Some doctors have questioned the wisdom of prescribing these drugs, especially for patients who might lower their cholesterol through lifestyle changes. But recent studies show that statins can diminish LDL by as much as 40 percent, slightly raise the level of HDL, and reduce the risk of heart attacks by about 35 percent.

This is why many experts say these medications are actually underprescribed. “Statins are incredible tools in lowering cholesterol and can keep many people from suffering heart attacks,” Dr. Agatston says. “But there’s no question: They’re meant to work together with proper diet and exercise.” Women taking statins may experience muscle fatigue as a side effect, though, and should get regular blood tests to check liver function.

Get prenatal care.

Around 135,000 women every year get gestational diabetes, high blood sugar that’s likely a result of pregnancy hormones blocking adequate insulin production.

Doctors used to think it came and went with pregnancy.
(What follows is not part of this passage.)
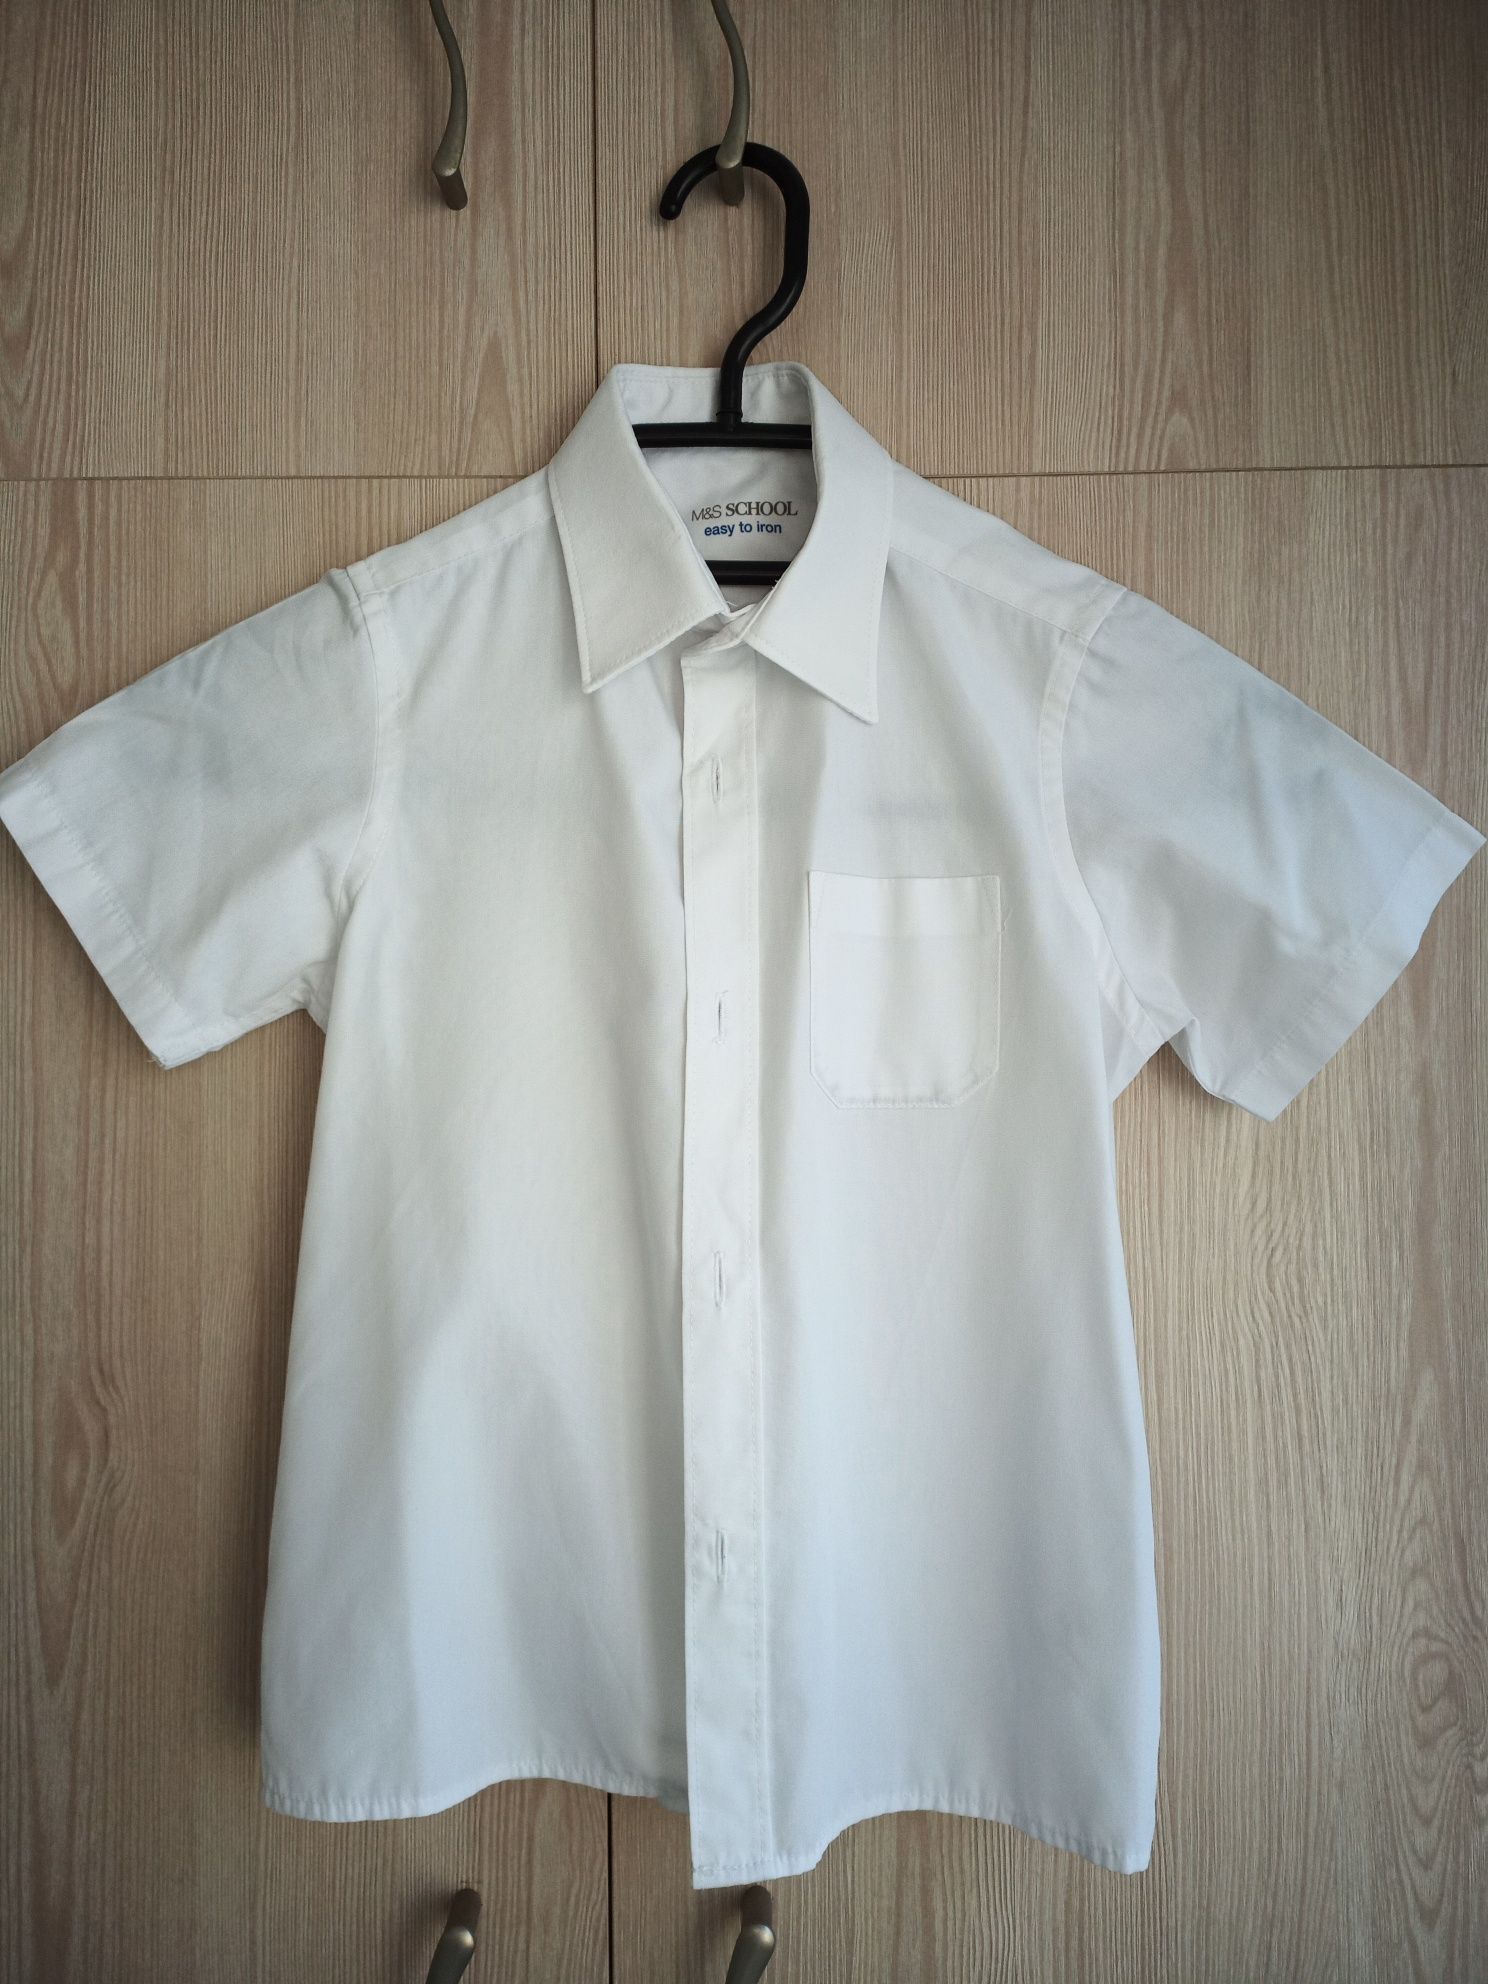 Белая рубашка 2 шт + желетка

But research now shows that gestational diabetes gives you a 50 percent chance of developing diabetes later in life, which in turn makes you three to seven times more prone to heart disease.

That puts you in line with the 54 million other Americans who have prediabetes. Diabetes, especially type 2, is often attributed to obesity, though many cases result from genetics and/or environment. Cardiologists consider diabetics heart patients as well: Even if they’ve never had an attack, they tend to have high blood pressure and high cholesterol.

“Having diabetes is equivalent to having heart disease,” says Paula Johnson, M.D., chief of the division of women’s health at Brigham and Women’s Hospital in Boston. She treats diabetics and heart patients with the same regimen of aspirin and statins.

“The best thing is to protect yourself with diet, weight control, and exercise so you never develop diabetes, even if you had it when pregnant.”

Understand how women differ from men.

While some women do experience chest-clutching pain, many others have subtler symptoms. In fact, a recent survey of women recovering from heart attacks found that many had worsening symptoms for weeks leading up to an episode but mistook them for indigestion, fatigue, or muscle strain.

Nieca Goldberg, M.D., a New York City cardiologist and author of The Women’s Healthy Heart Program, says two-thirds of women who die of heart attacks never even make it to the hospital — by the time they recognize what’s happening, it’s already too late.

Symptoms aren’t the only way men and women differ when it comes to heart problems. Only in the last decade have scientists started to explore how heart disease manifests in each sex, and they still don’t have a lot of answers. They do know that it’s about more than the size of our hearts.

Research from the National Institutes of Health shows that doctors may have missed heart disease in some 3 million women who have diffuse plaque, where plaque spreads evenly through the arteries instead of building up to create major blockage. On angiograms (x-rays of the blood vessels) these arteries look clear.

The NIH research also looked at women with microvascular disease, in which small vessels don’t dilate properly during exertion. Their angiograms were often clear too. While they’re not headed for immediate heart attack, women with diffuse plaque and microvascular disease do need to be treated with either lifestyle changes or medication or both. “Doctors should diagnose intuitively,” Dr. Johnson says. “If a woman comes in with symptoms” — shortness of breath, positive cardiac stress test, high cholesterol — “we can assume she needs to be treated even if her angiogram is clear. We can’t just send her home and do nothing.”

The lesson? You may need to be your own strongest advocate where your heart’s concerned.